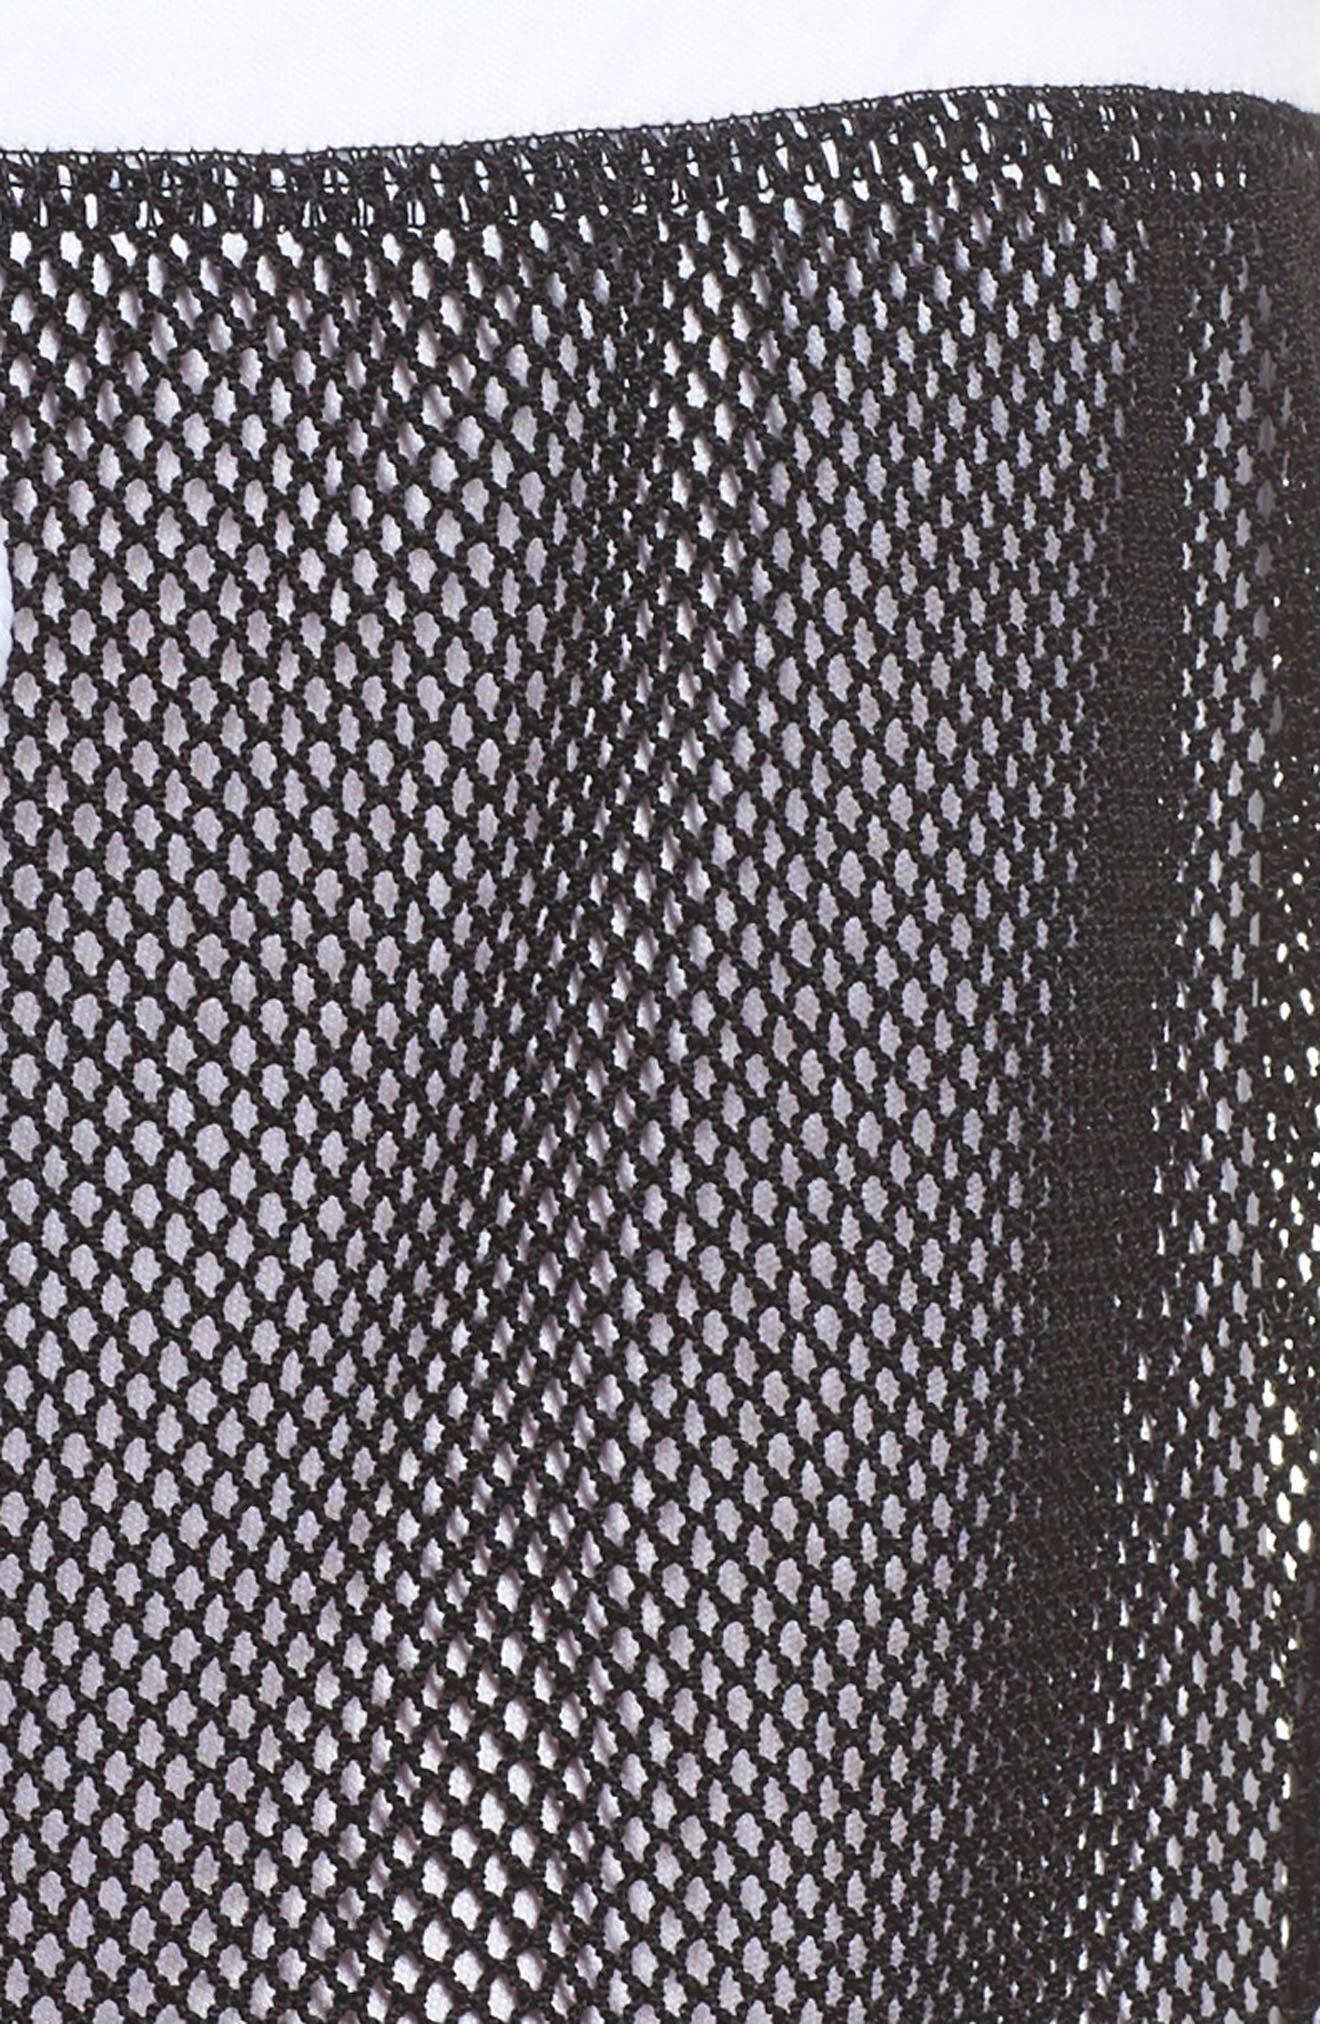 Mesh 2-in-1 Mesh Shorts,                             Alternate thumbnail 5, color,                             113
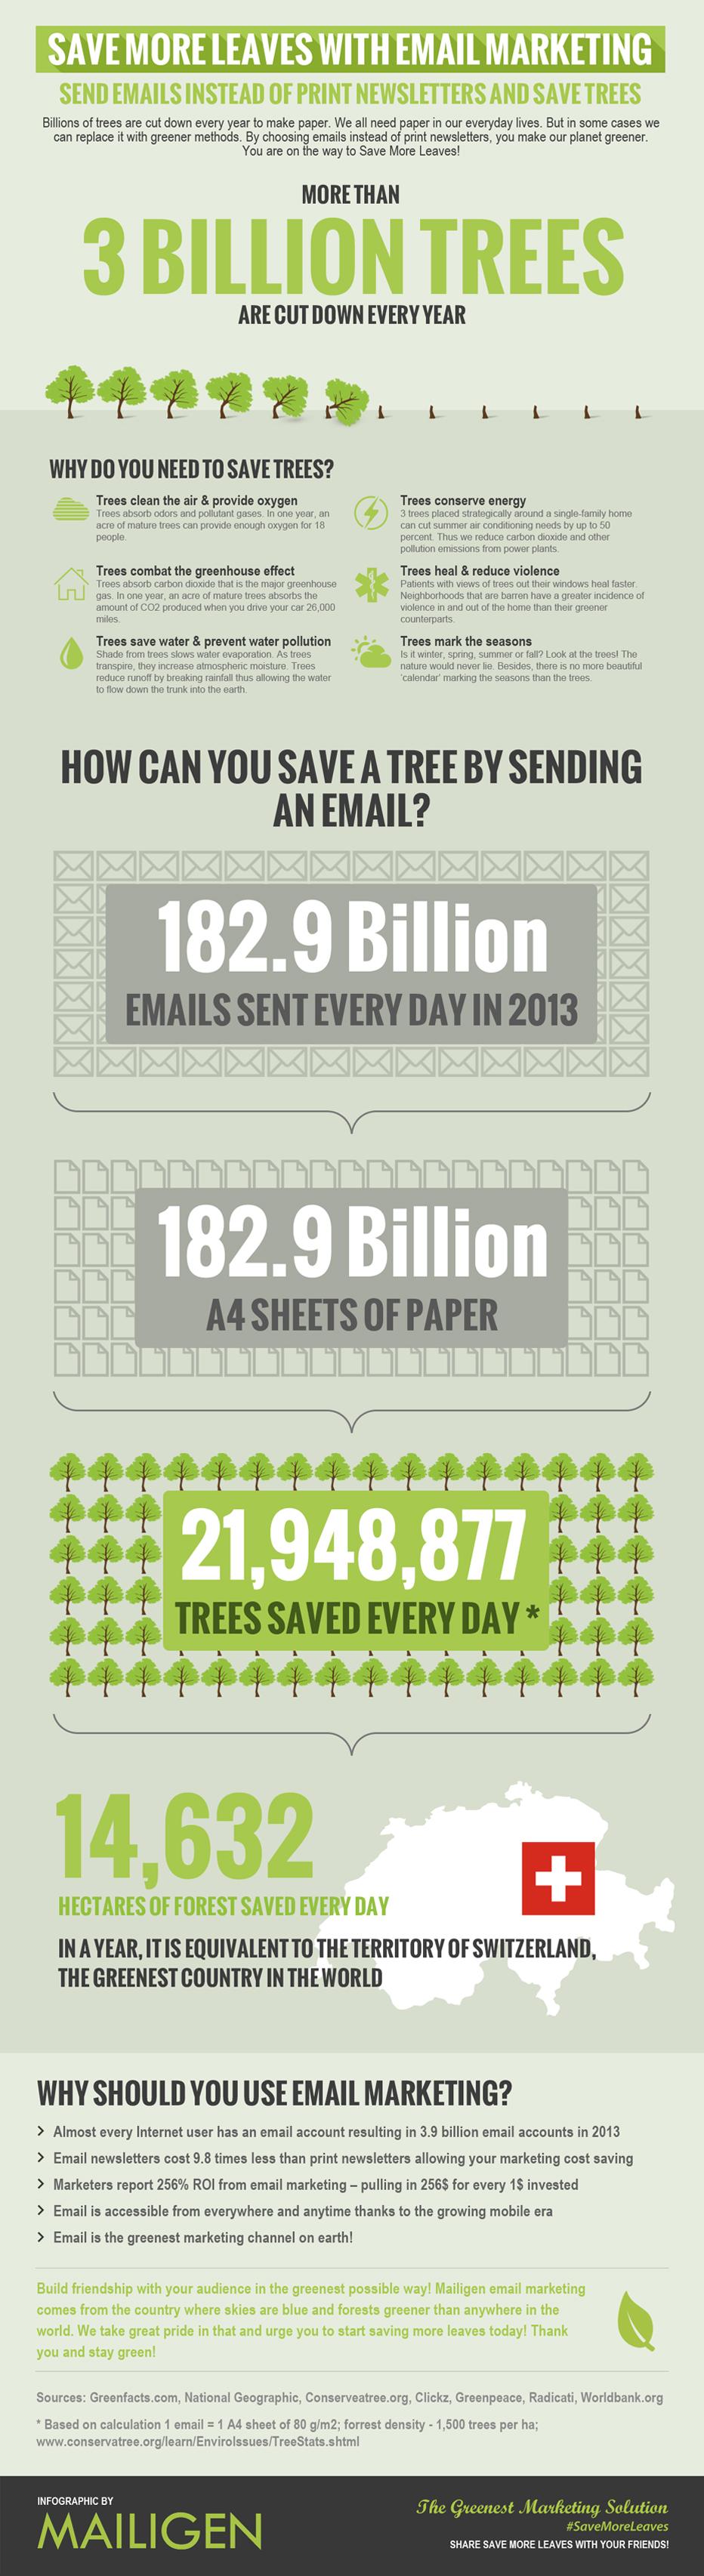 Infografía Emal Marketing ecológico MAILIGEN
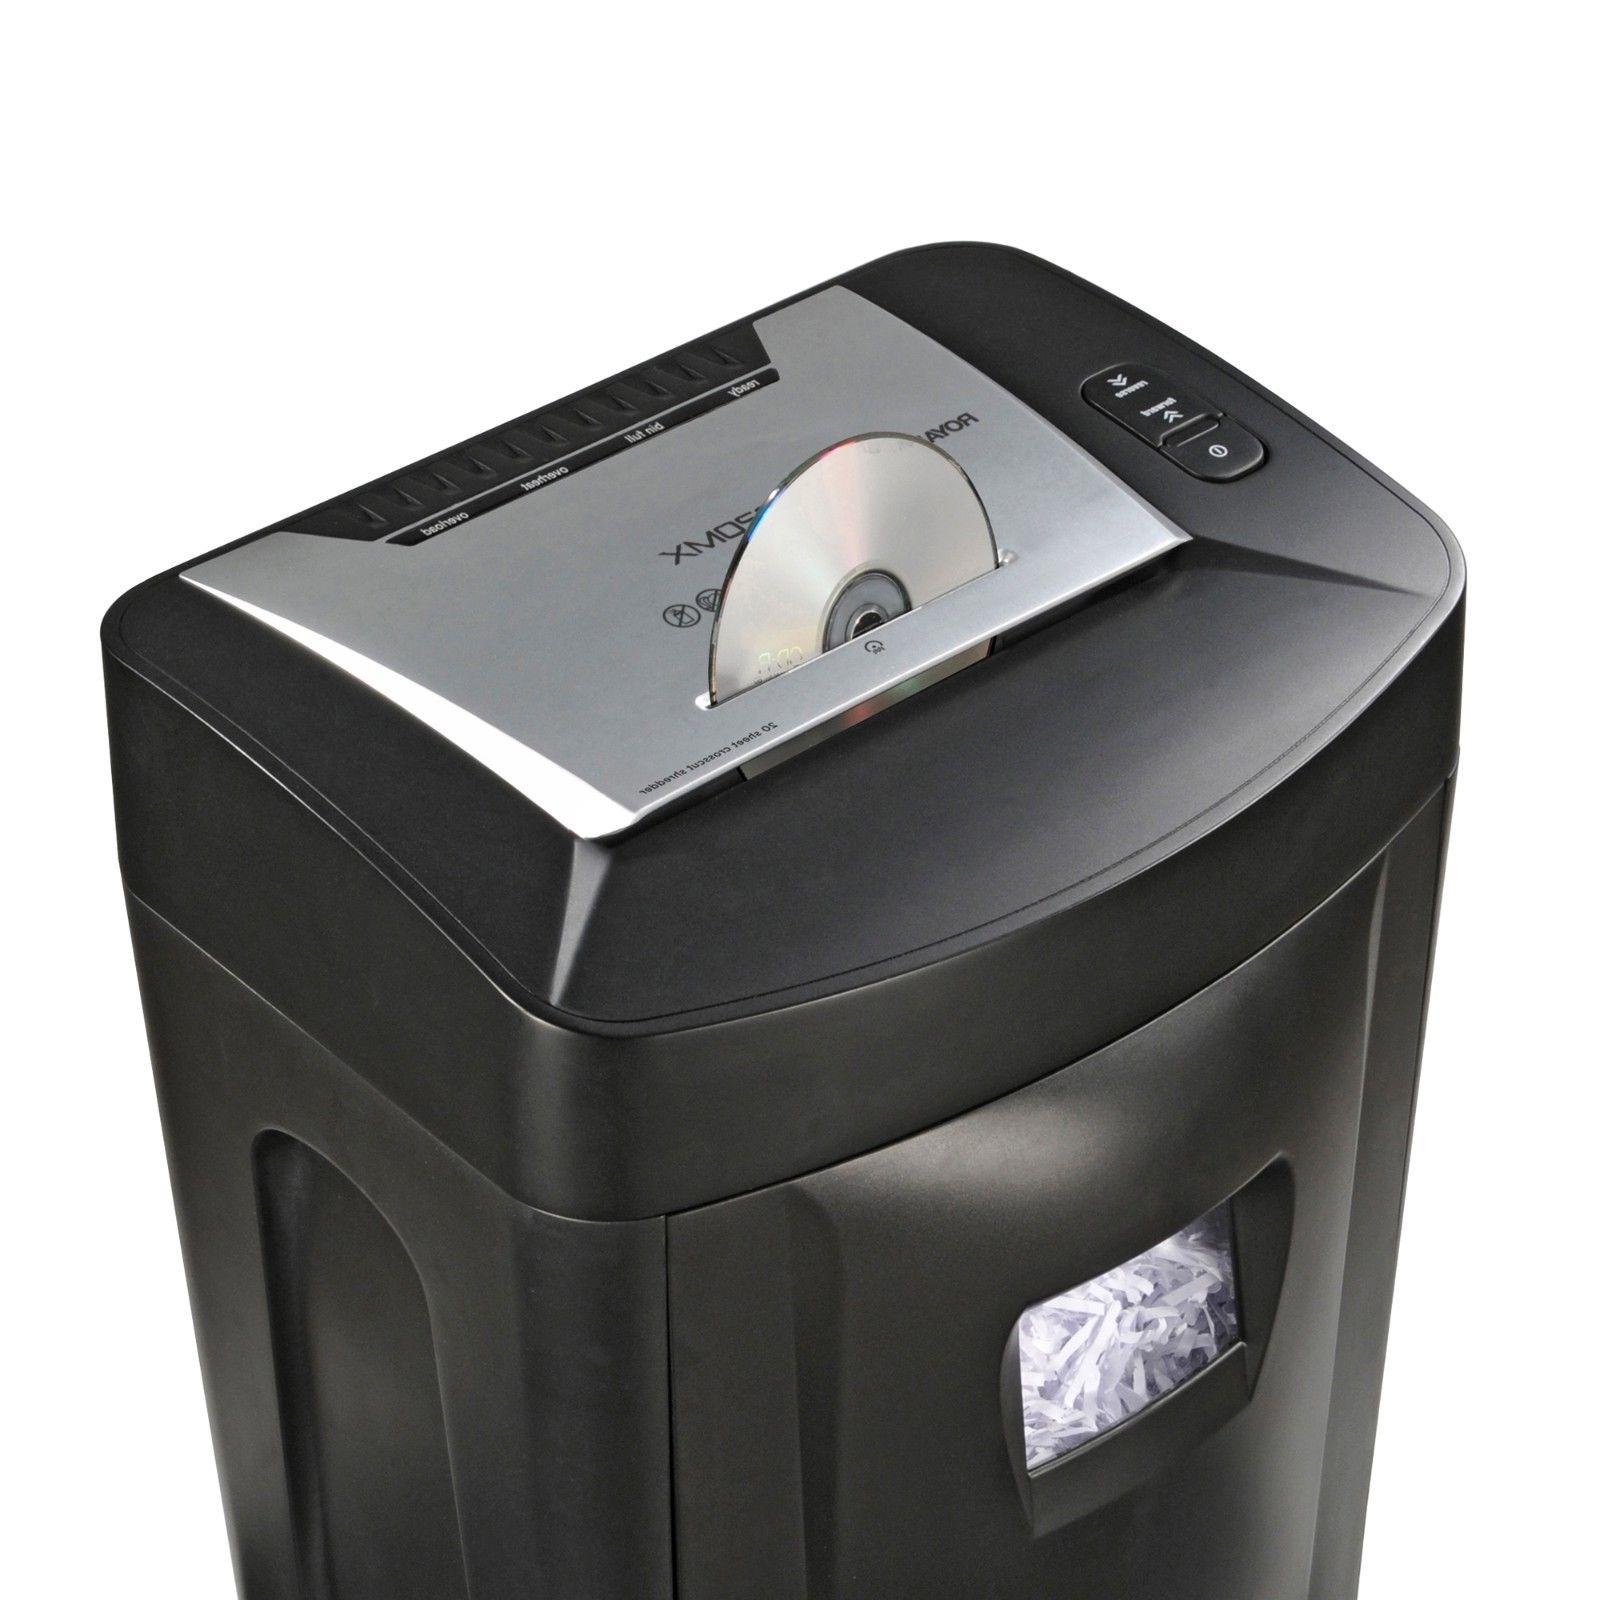 Royal Shredder CDs   6020MX -

---------------

> **What the task asks**
Once the line with "Infografía Emal Marketing ecológico MAILIGEN" is found, write out that line and every later line of the listing above exactly, through the last one, and skip any pictures.

> **Worked solution**
 Infografía Emal Marketing ecológico MAILIGEN
 Royal Shredder CDs   6020MX -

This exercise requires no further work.